## WHAT IS EXPECTED
The answer must restate the listing word for word, without its images.

## RECORDED DATA

========

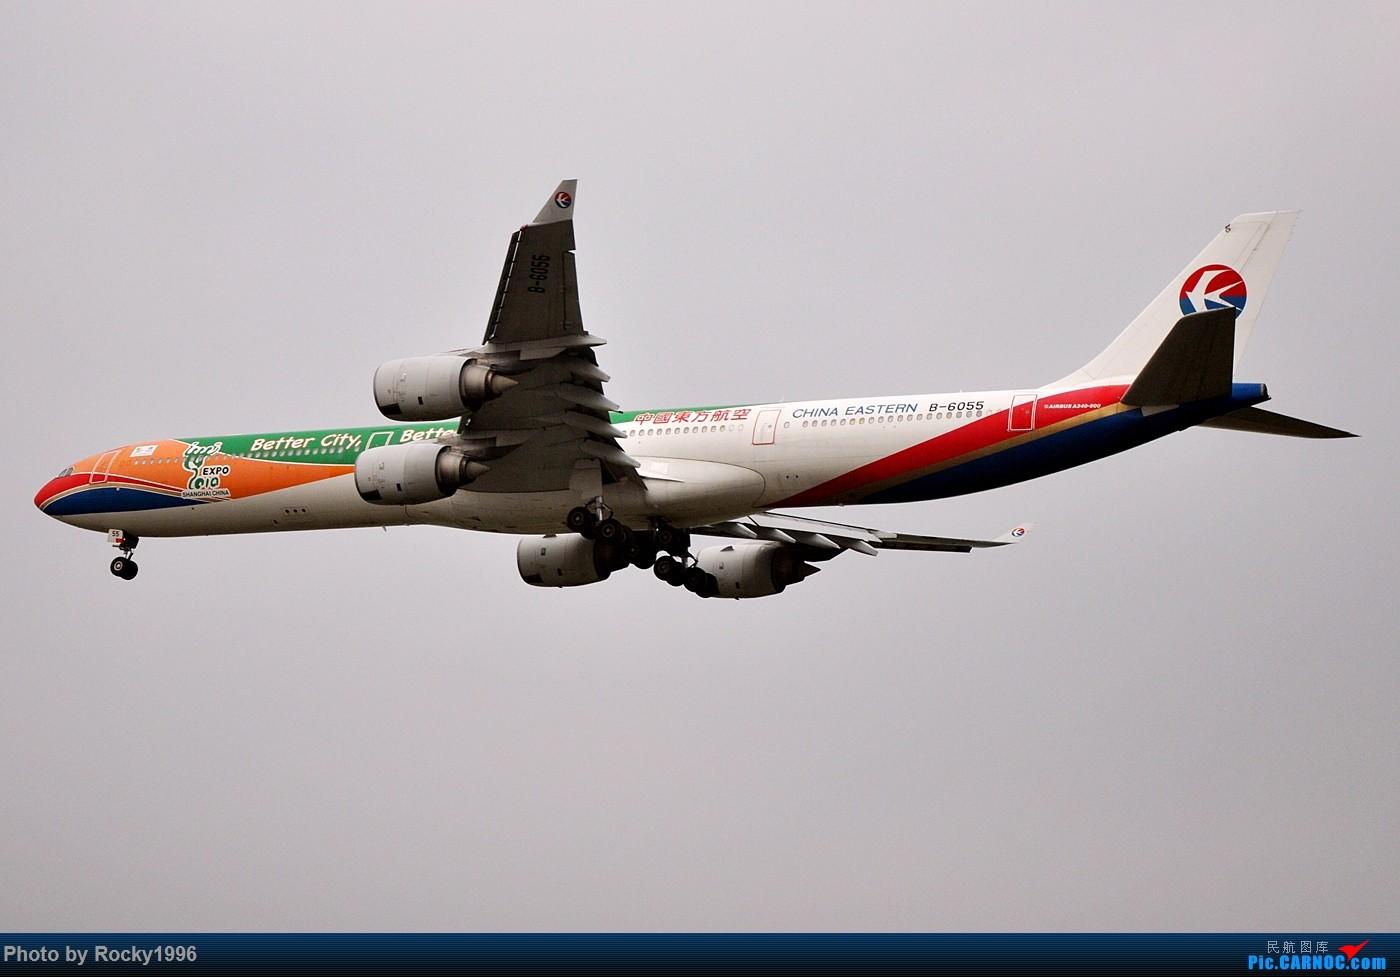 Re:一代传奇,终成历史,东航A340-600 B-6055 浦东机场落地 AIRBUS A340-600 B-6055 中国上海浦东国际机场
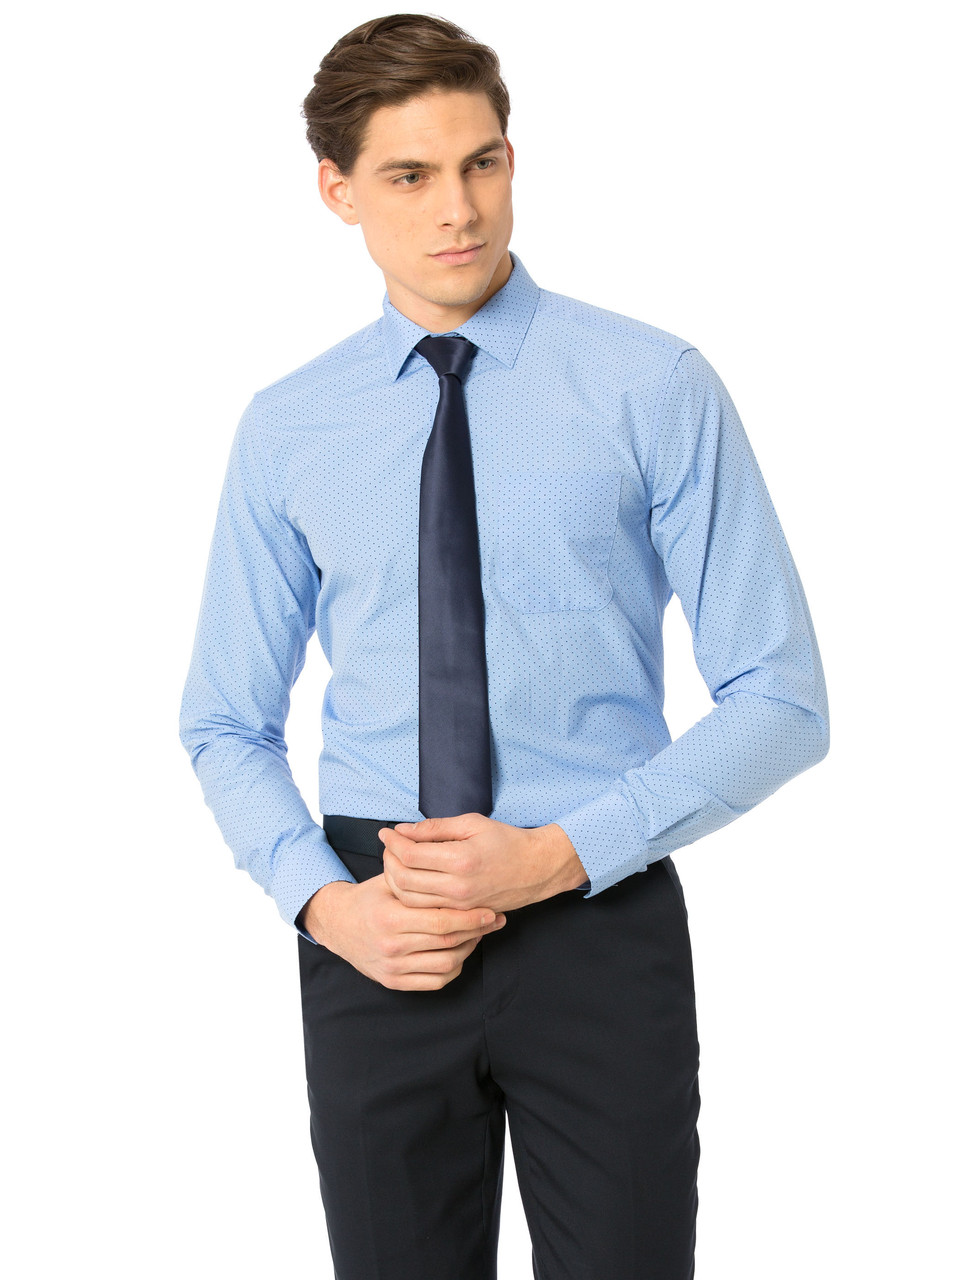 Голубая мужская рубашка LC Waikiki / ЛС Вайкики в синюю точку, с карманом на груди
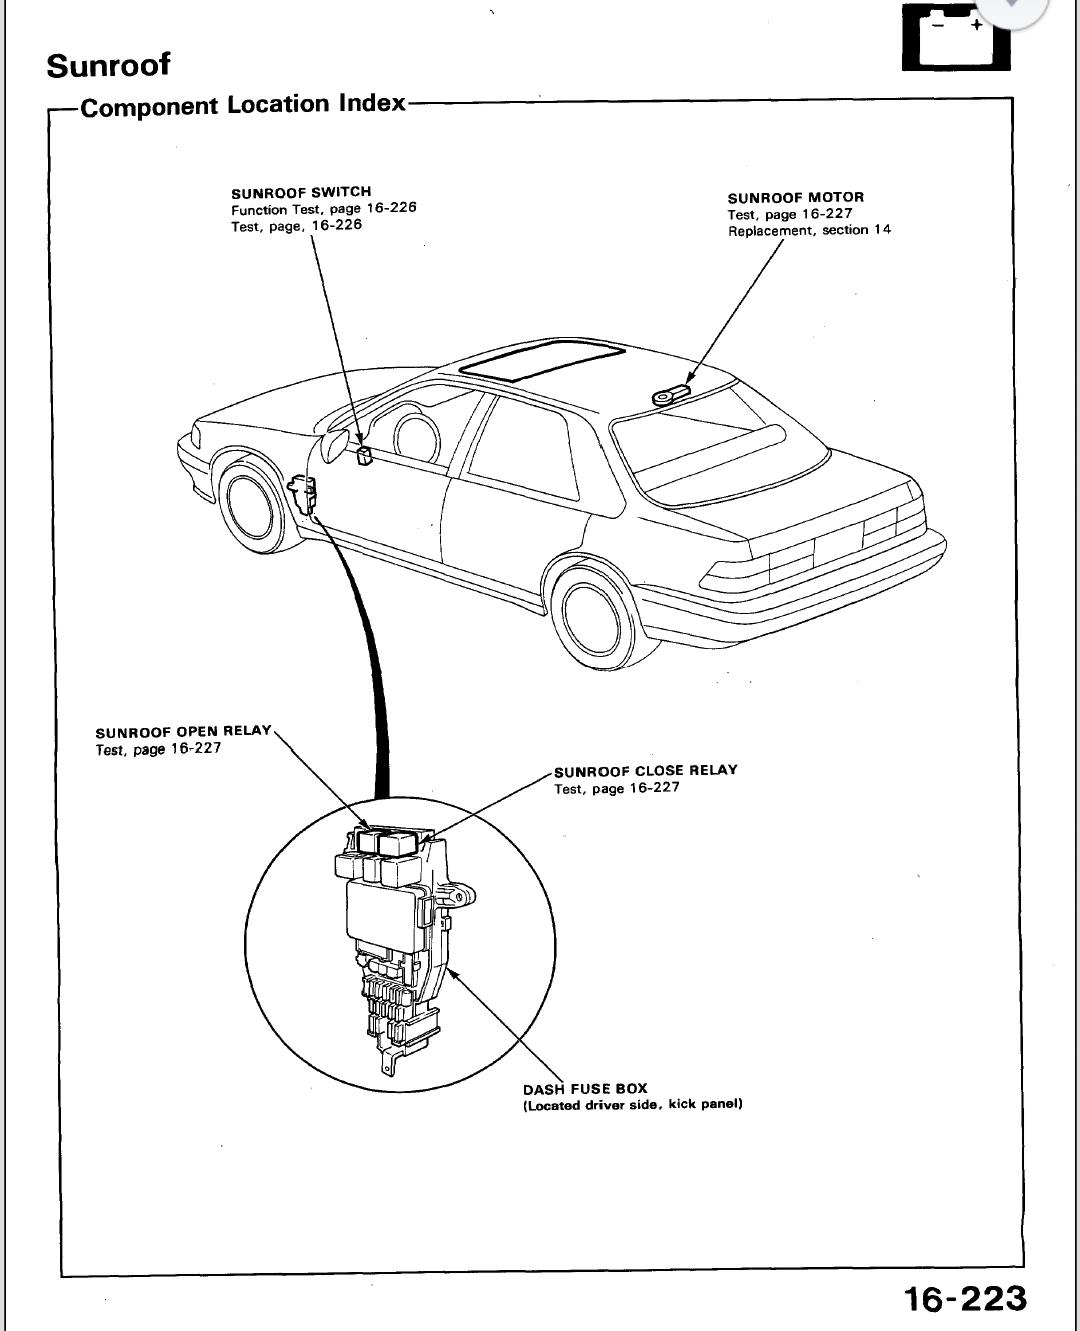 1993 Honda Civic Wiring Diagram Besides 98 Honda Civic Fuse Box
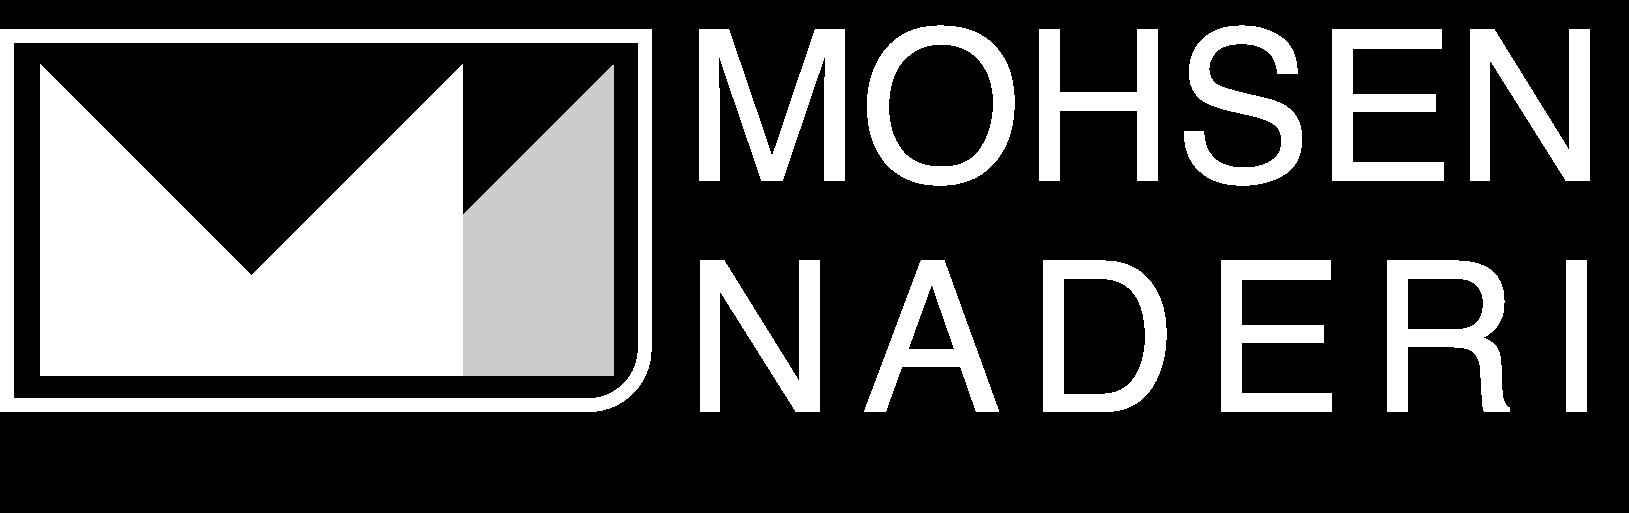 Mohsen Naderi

========

## ANSWER FOR THIS EXERCISE
 Re:一代传奇,终成历史,东航A340-600 B-6055 浦东机场落地 AIRBUS A340-600 B-6055 中国上海浦东国际机场
 Голубая мужская рубашка LC Waikiki / ЛС Вайкики в синюю точку, с карманом на груди
 1993 Honda Civic Wiring Diagram Besides 98 Honda Civic Fuse Box
 Mohsen Naderi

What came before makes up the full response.